### Assigned task
Give the listing again word for word, excluding the pictures it contains.

==== Data excerpt

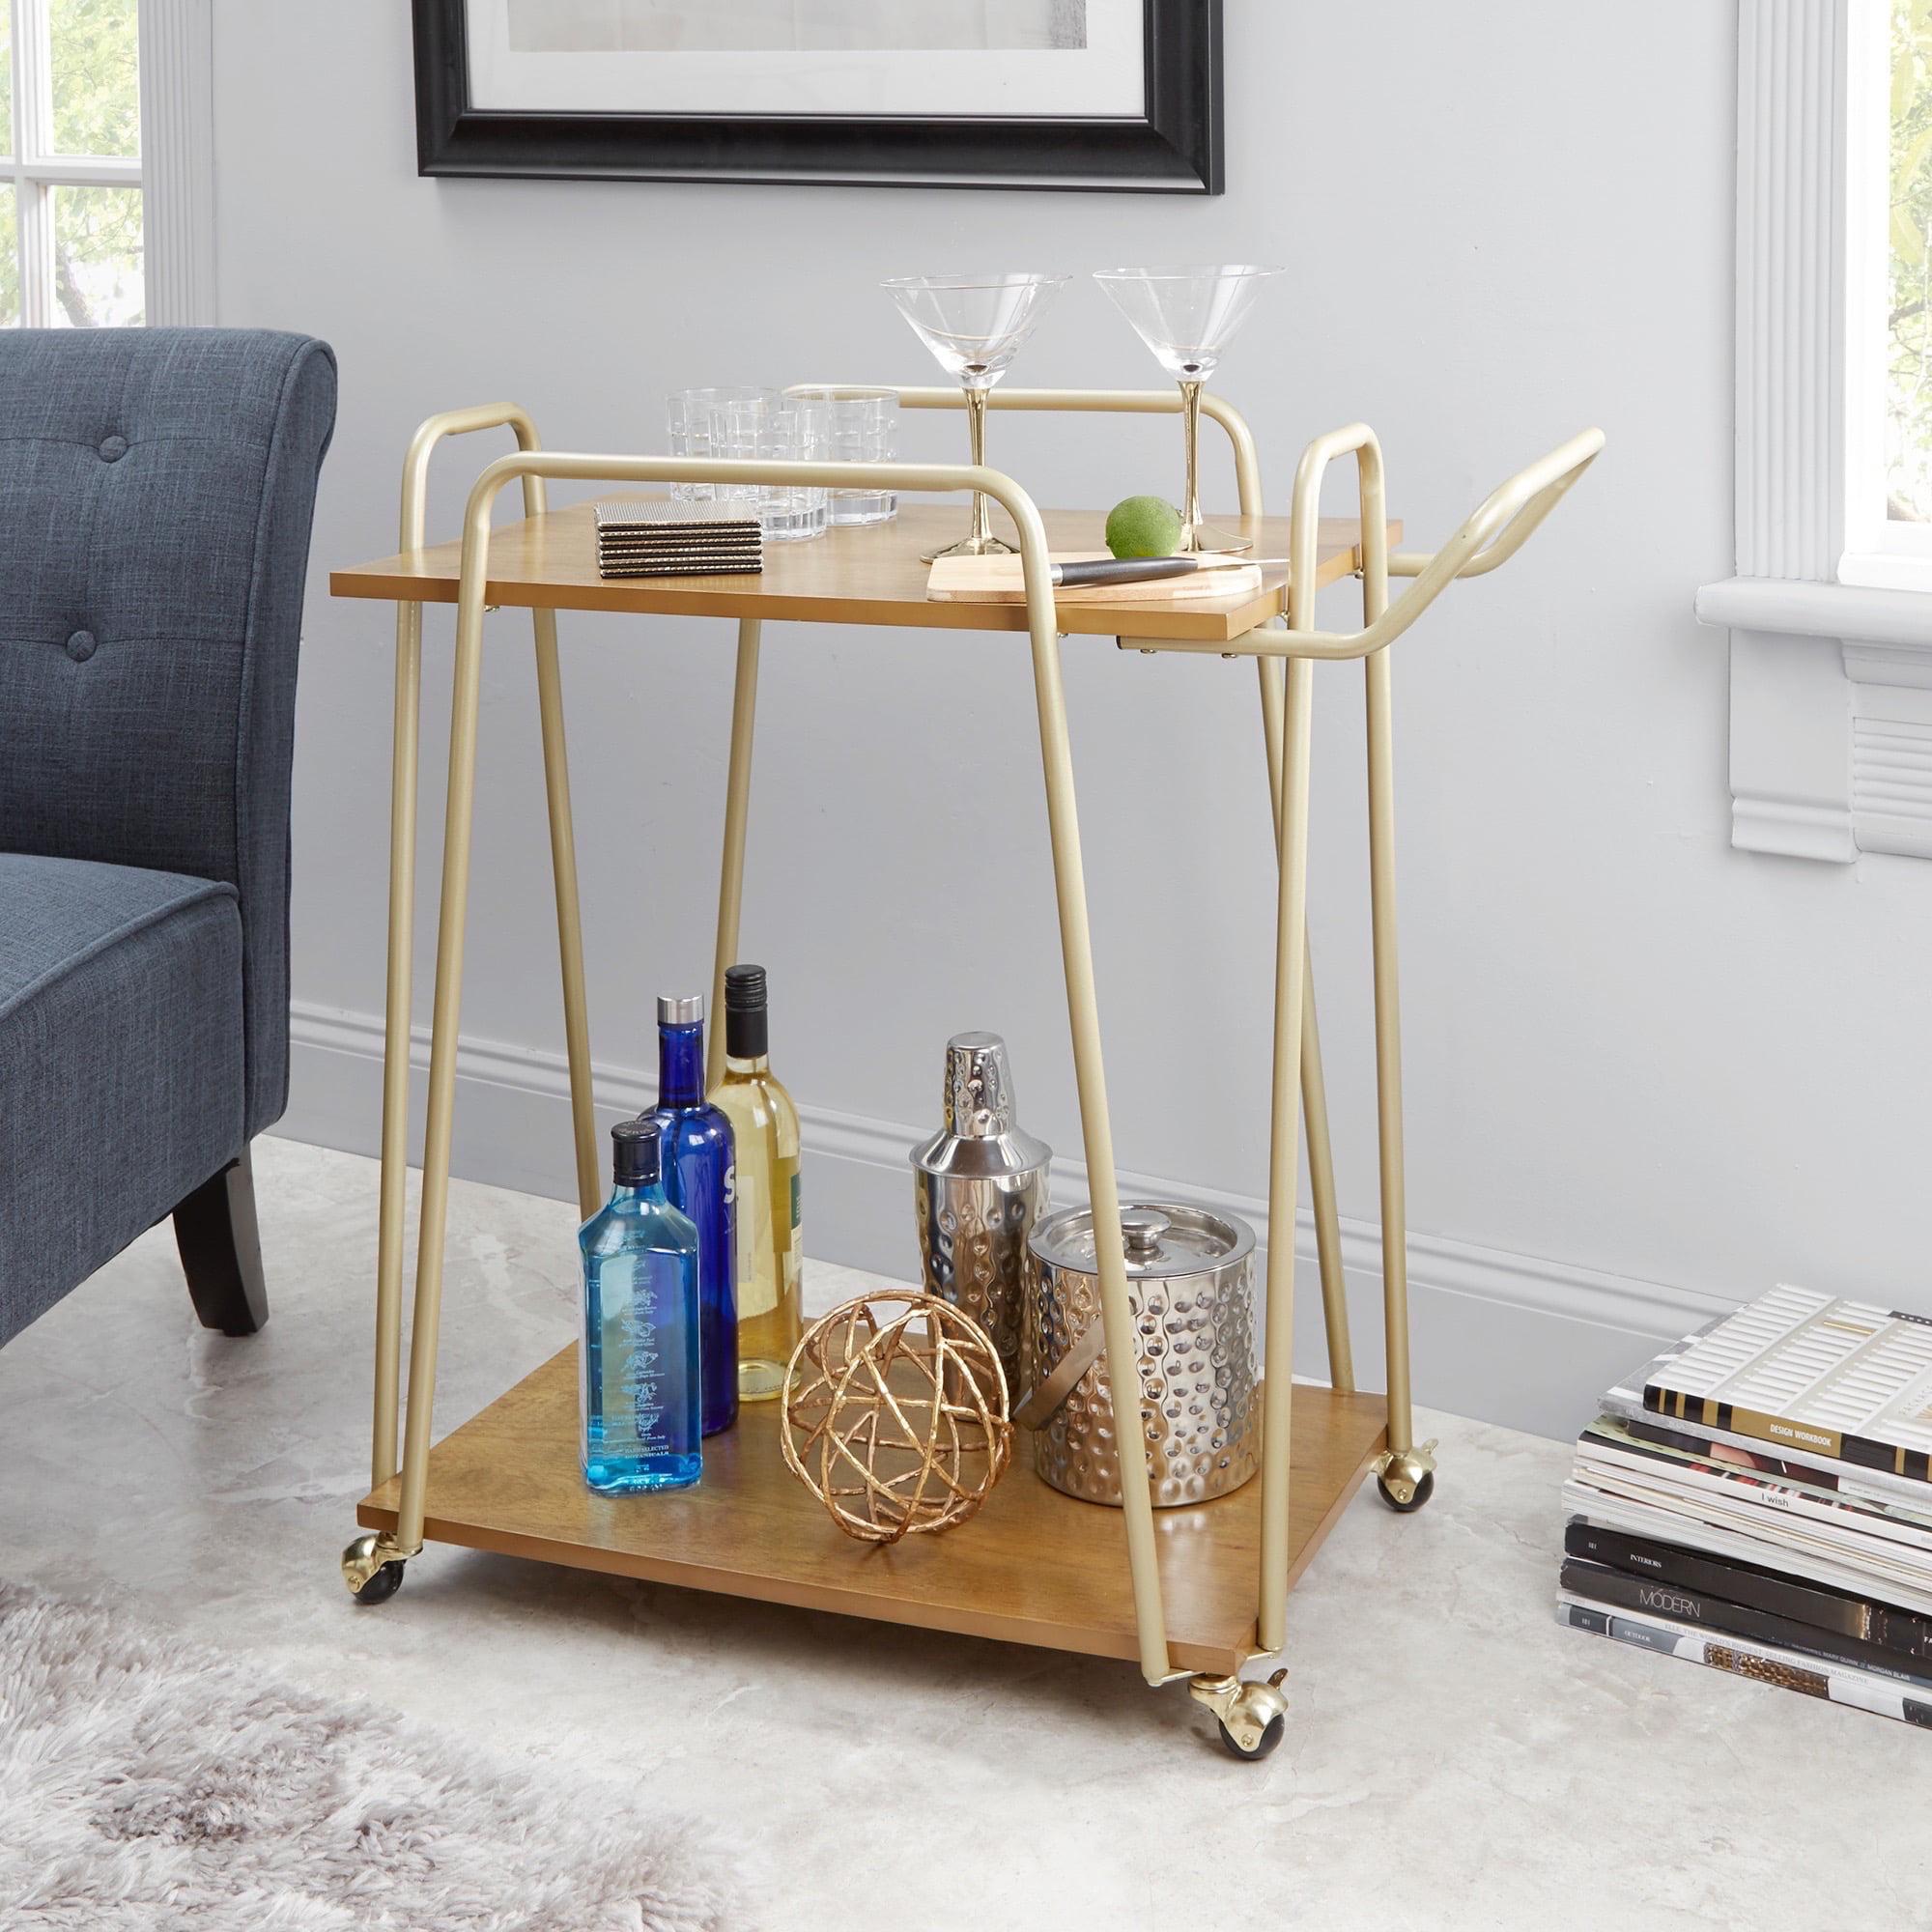 Better Homes & Gardens Giana Metal & Wood Modern Bar Cart, Gold Finish
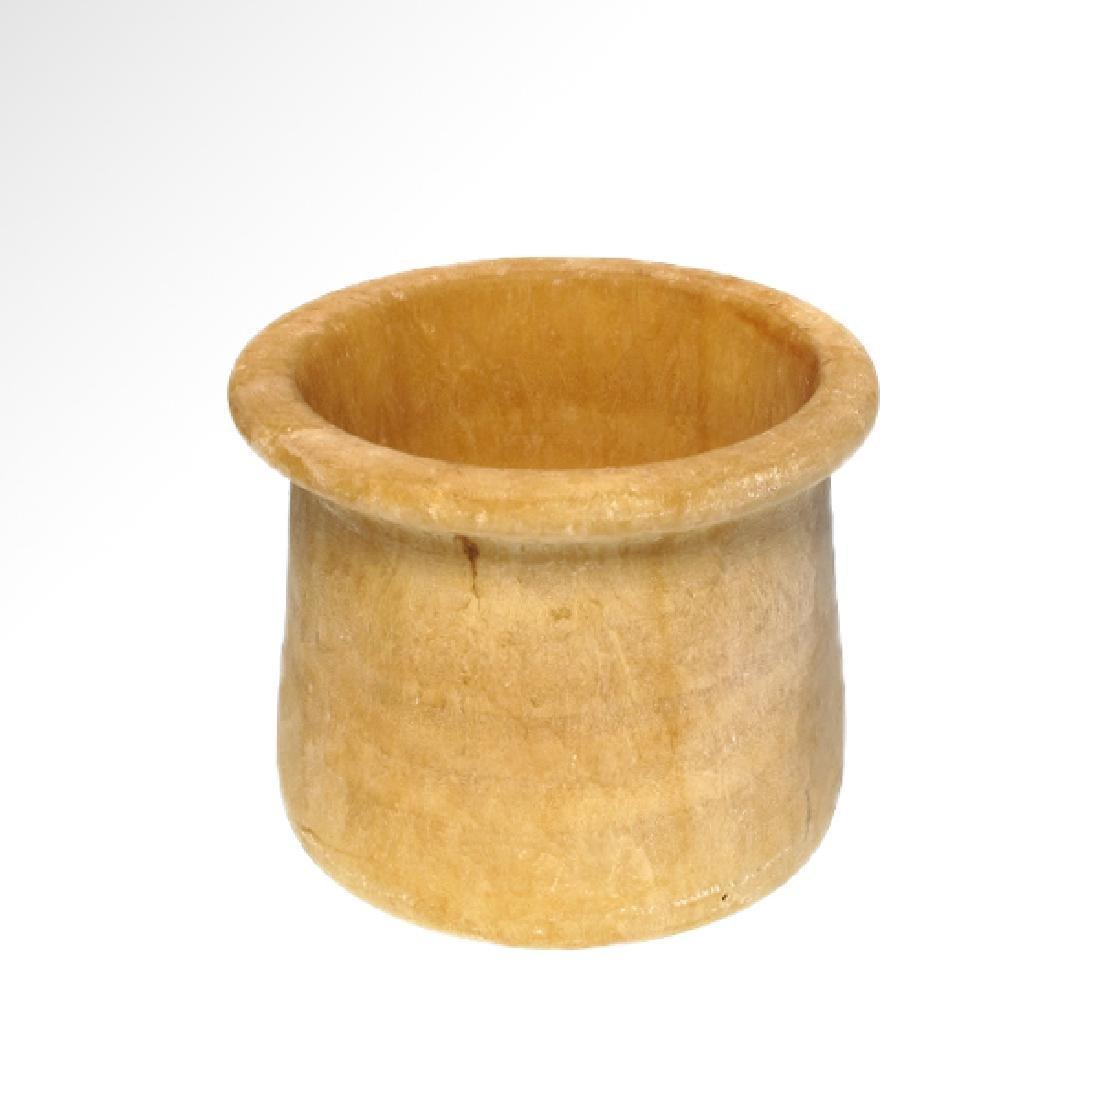 Bactrian Alabaster Bowl, c. 2000 B.C. - 3
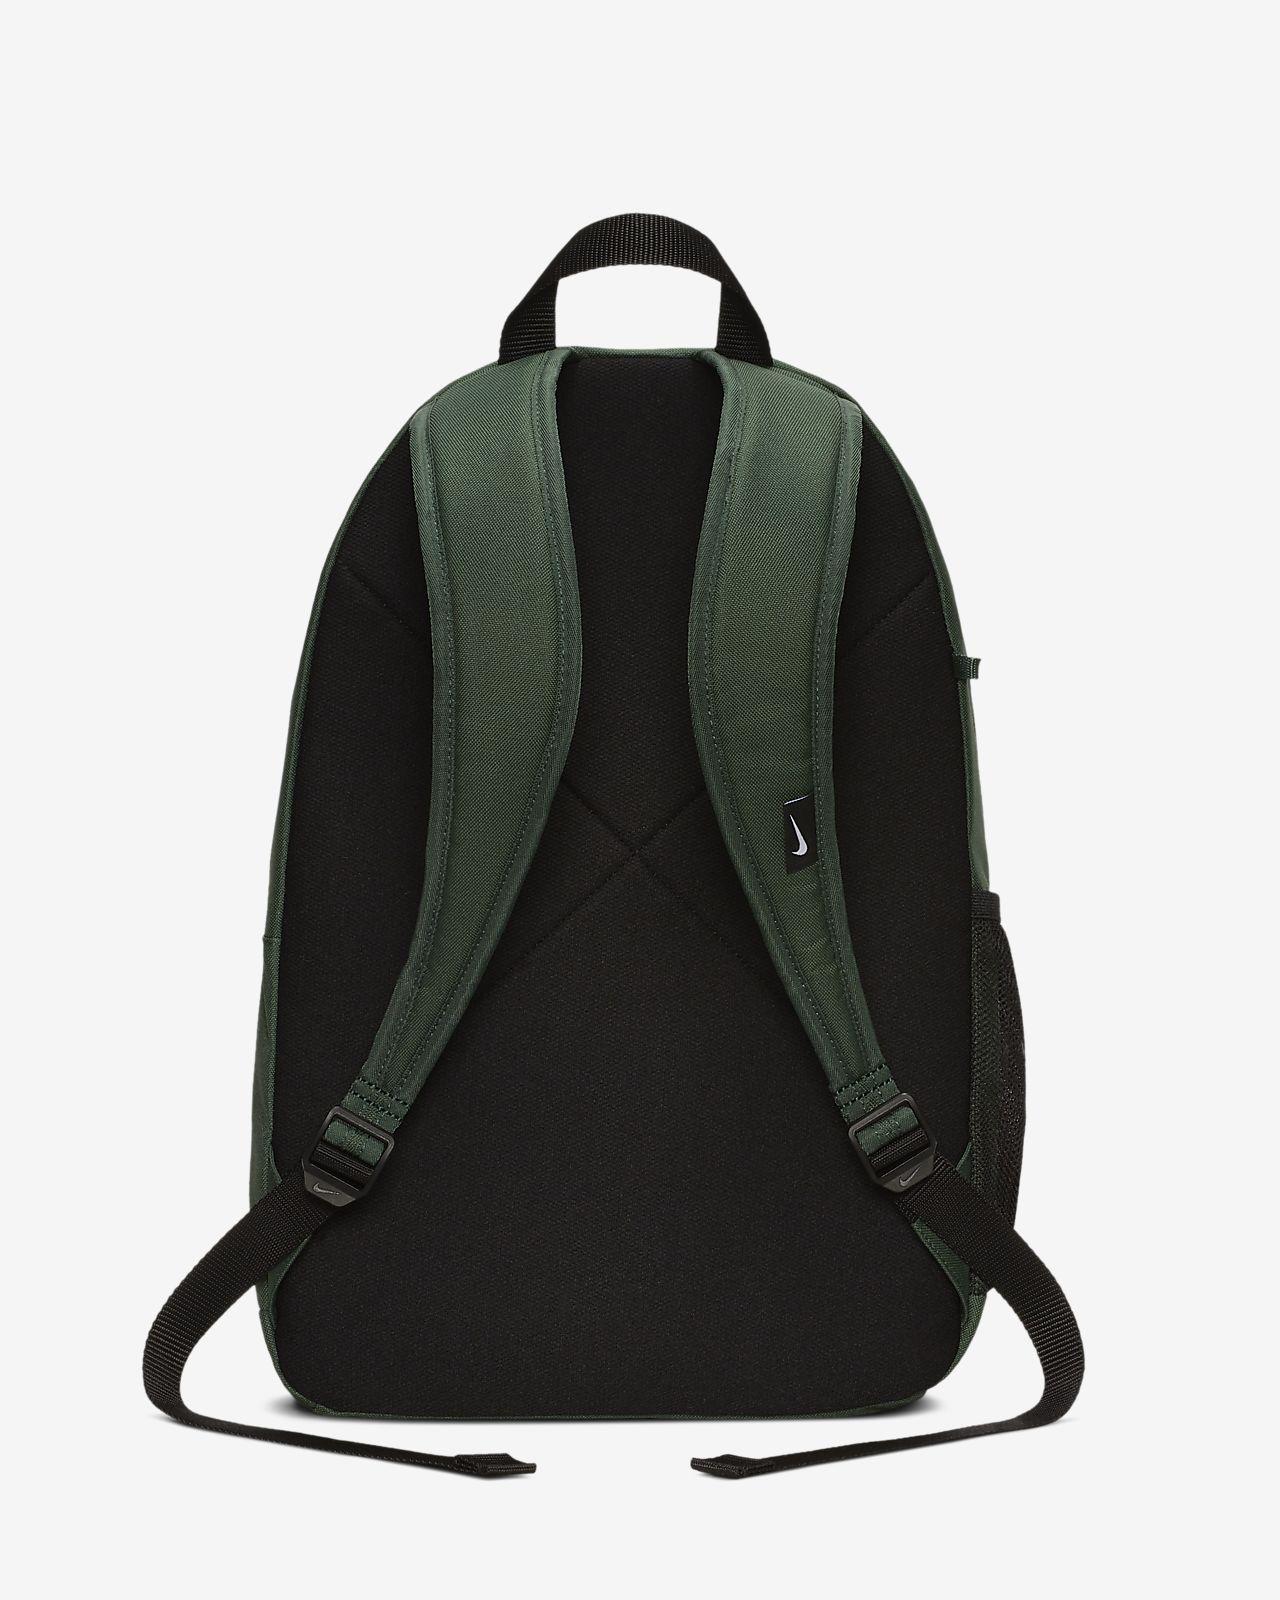 3dbc8eae5f Low Resolution Nike Kids  Backpack Nike Kids  Backpack

========

### Answer
 Better Homes & Gardens Giana Metal & Wood Modern Bar Cart, Gold Finish
 Bactrian Alabaster Bowl, c. 2000 B.C. - 3
 3dbc8eae5f Low Resolution Nike Kids  Backpack Nike Kids  Backpack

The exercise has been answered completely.